Data storage is one of *many* features of a DBMS. If mere storage is all that is needed, then one could use files. DBMS roll up a bunch of common attribute management services and needs into a semi-standardized package so that you don't have to reinvent lots of wheels, and have a consistent way to view, edit, and process attributes. It is factoring; reuse of common attribute idioms. (Unlike OO, where encapsulation encourages each object/class to reinvent its own add/change/delete/cross-reference/search rules and interfaces so that they are all different for each project or shop. That is not factoring of repetitious ideas, but an encouragement of reinvention, inconsistency, and duplication.)

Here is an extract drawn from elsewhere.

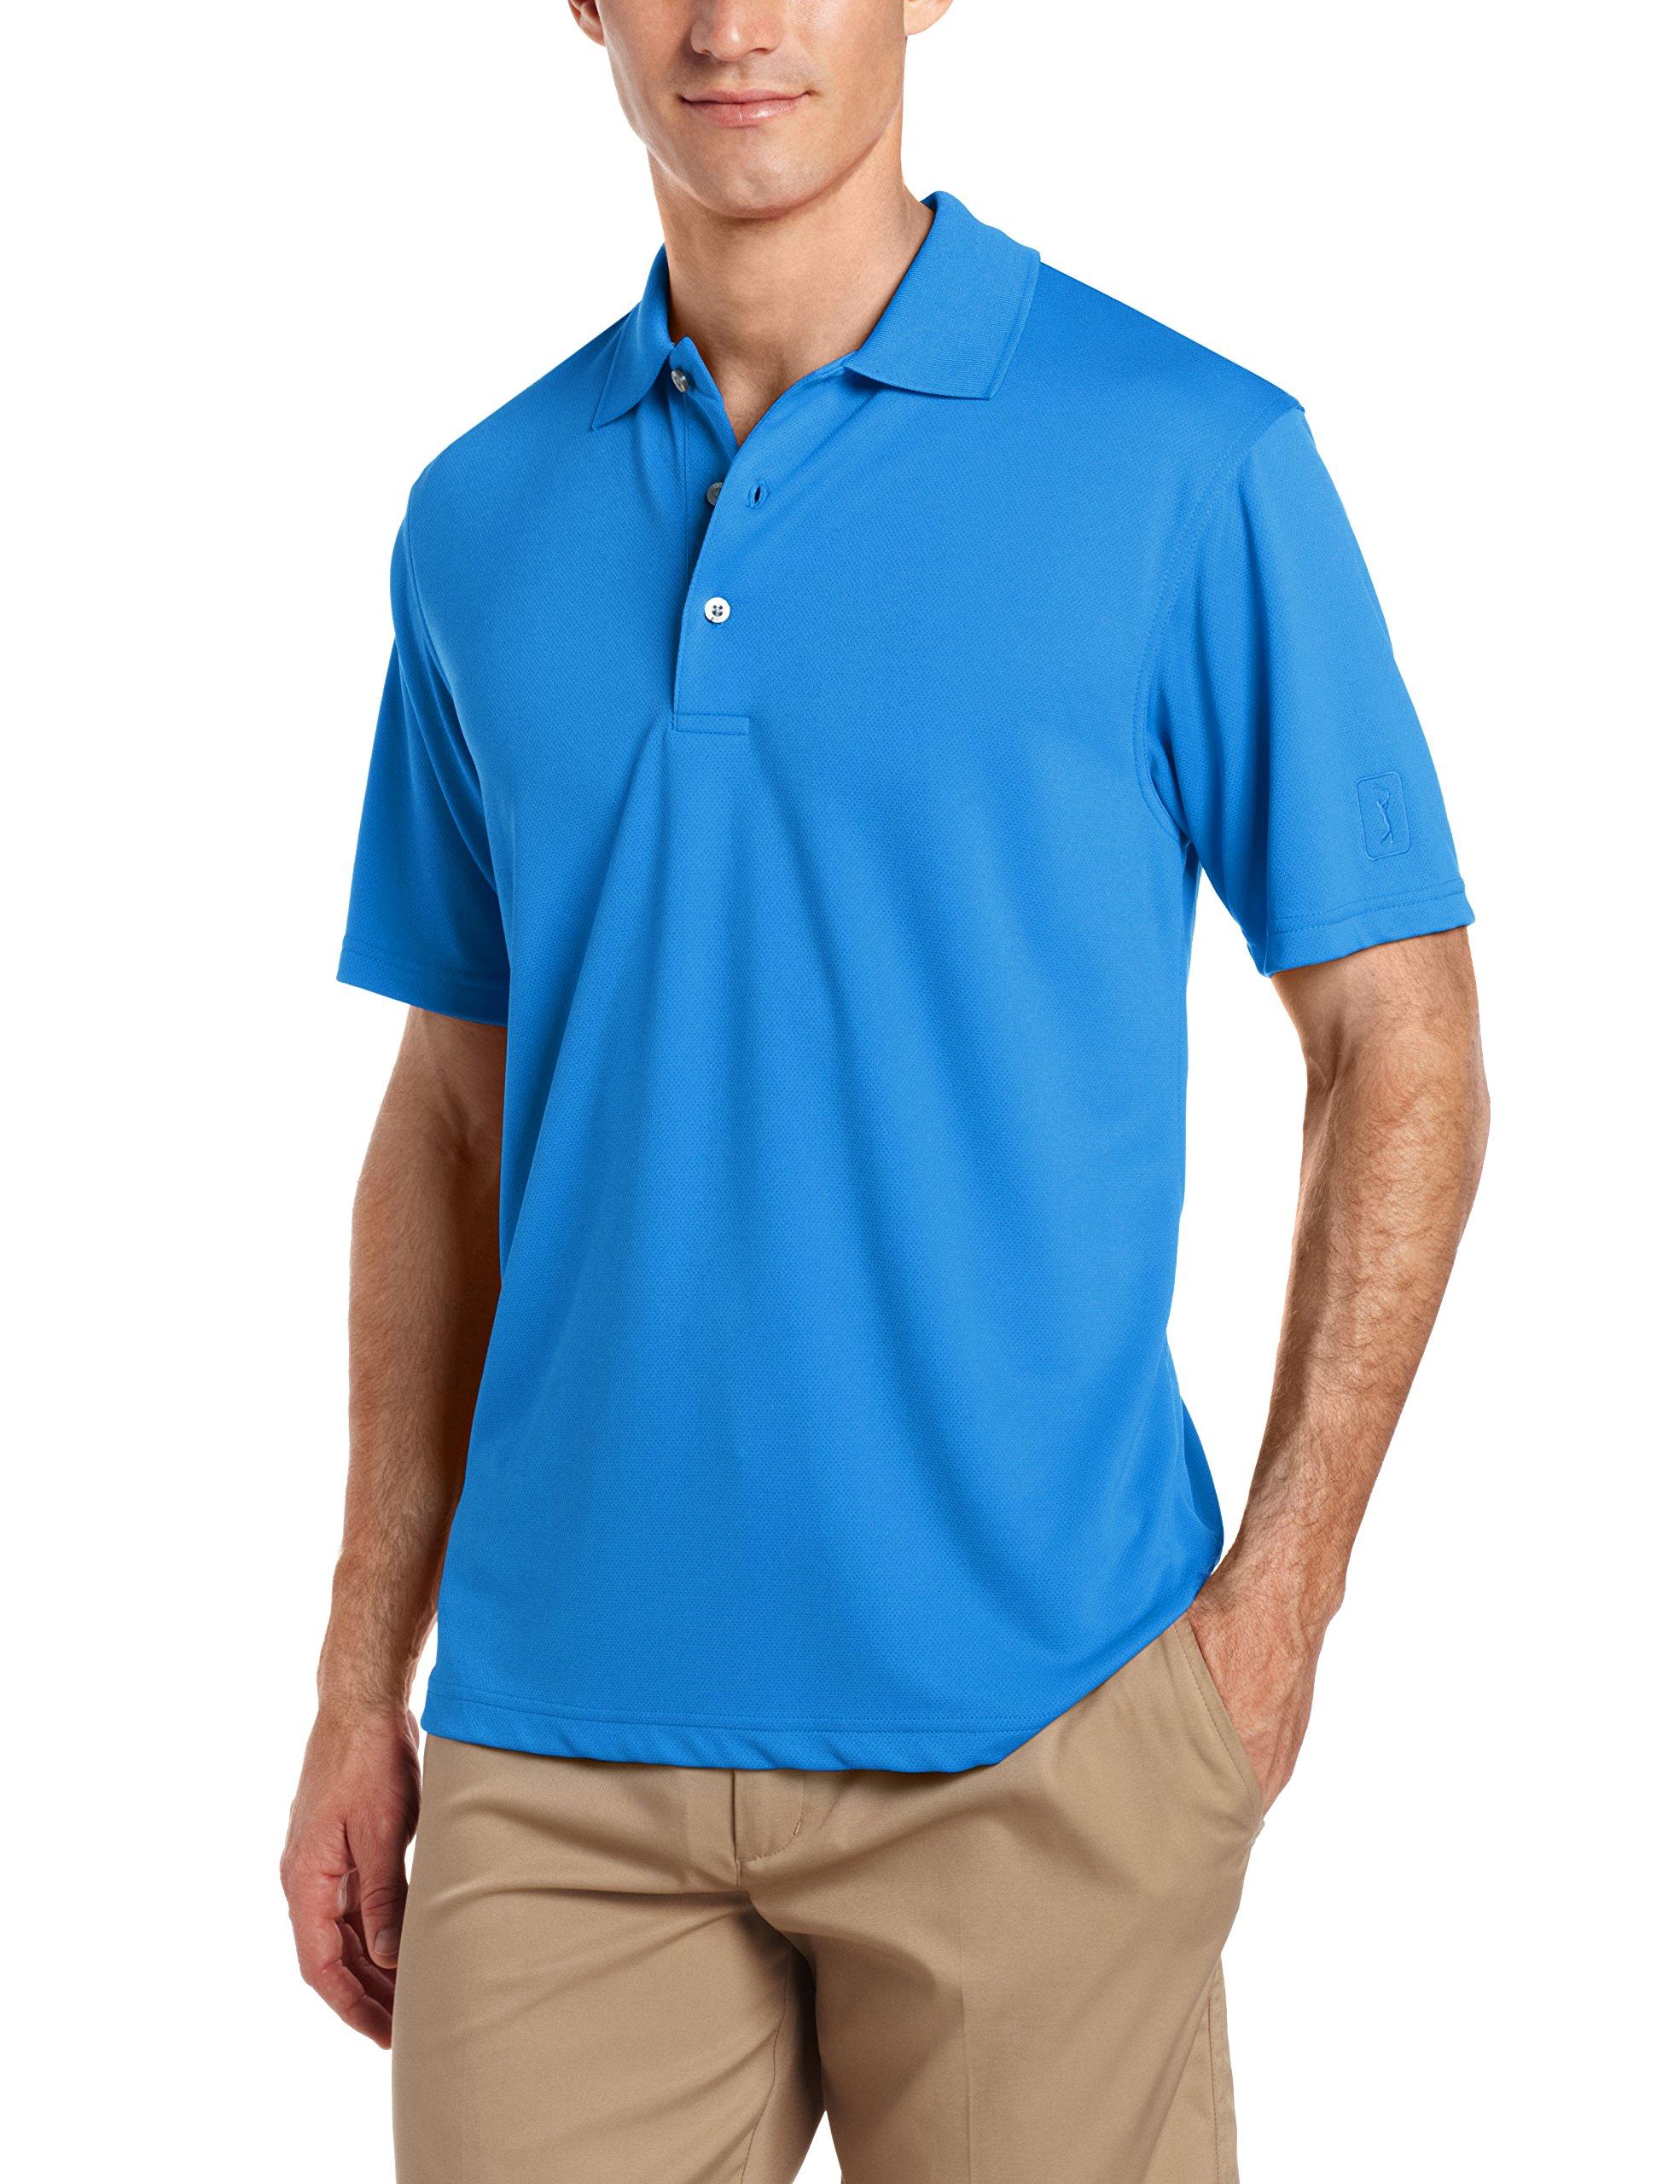 PGA TOUR Men's Short Sleeve Airflux Solid Polo Shirt, Classic Blue S

You don't have to use all the services a DBMS supply. In fact, you could use it as merely a filing system. However, that does not mean that DBMS *are* just filing systems.

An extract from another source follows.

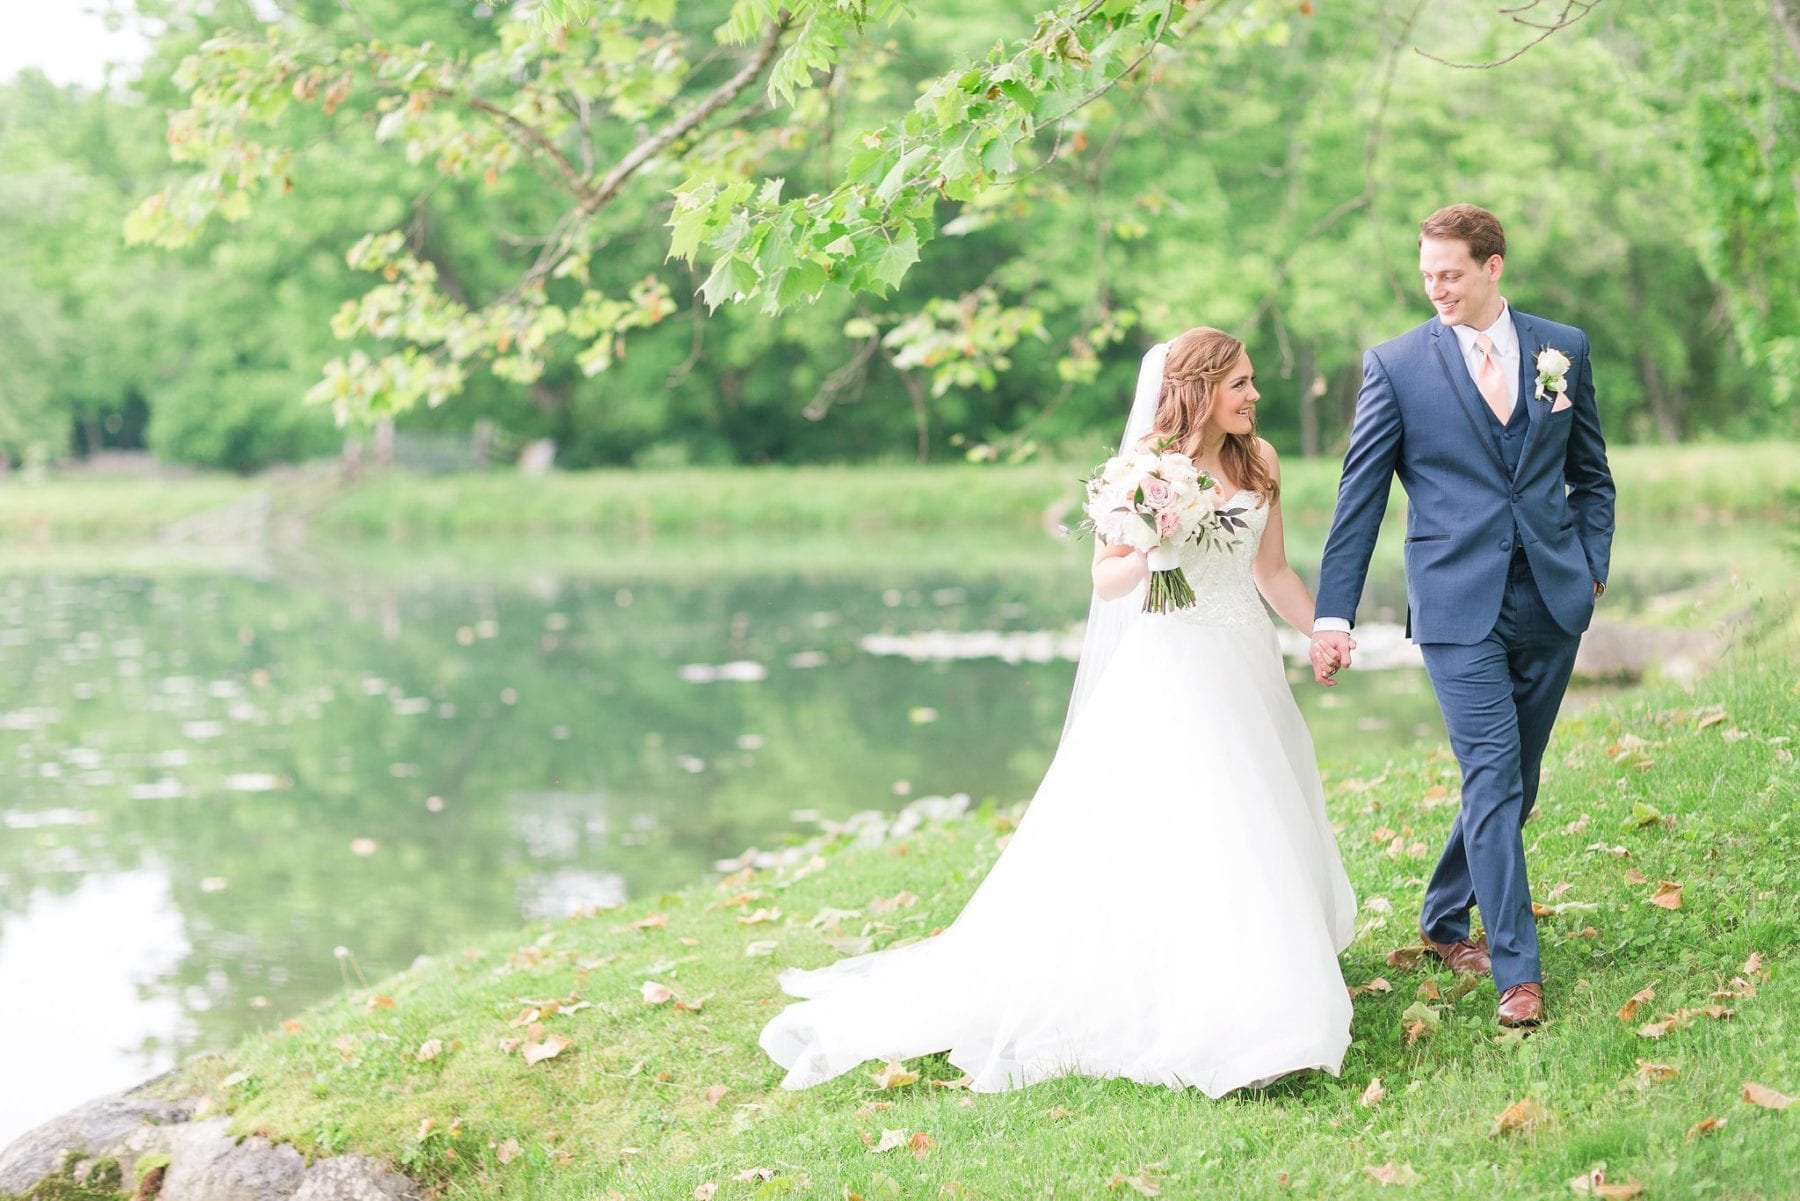 Justin & Megan Big Spring Farm Wedding Photos-199.jpg

Saying a RDBMS is about "storage" is almost like saying the purpose of a car is to store gas.
A database is an "attribute management system". OOP can and often is also an attribute management system, just a lousy, inconsistent one.
> That's pretty much my point. You can use whatever mechanisms you want
> for storage management if they are isolated from the application problem
Only if you use a lowest-common-denominator interface. I would challenge the power of such an interface with scenarios and probably kick its rear end all over the floor with a RDBMS. Concurrency management alone would probably sink it.
So, let's see your generic "storage" API/wrapper.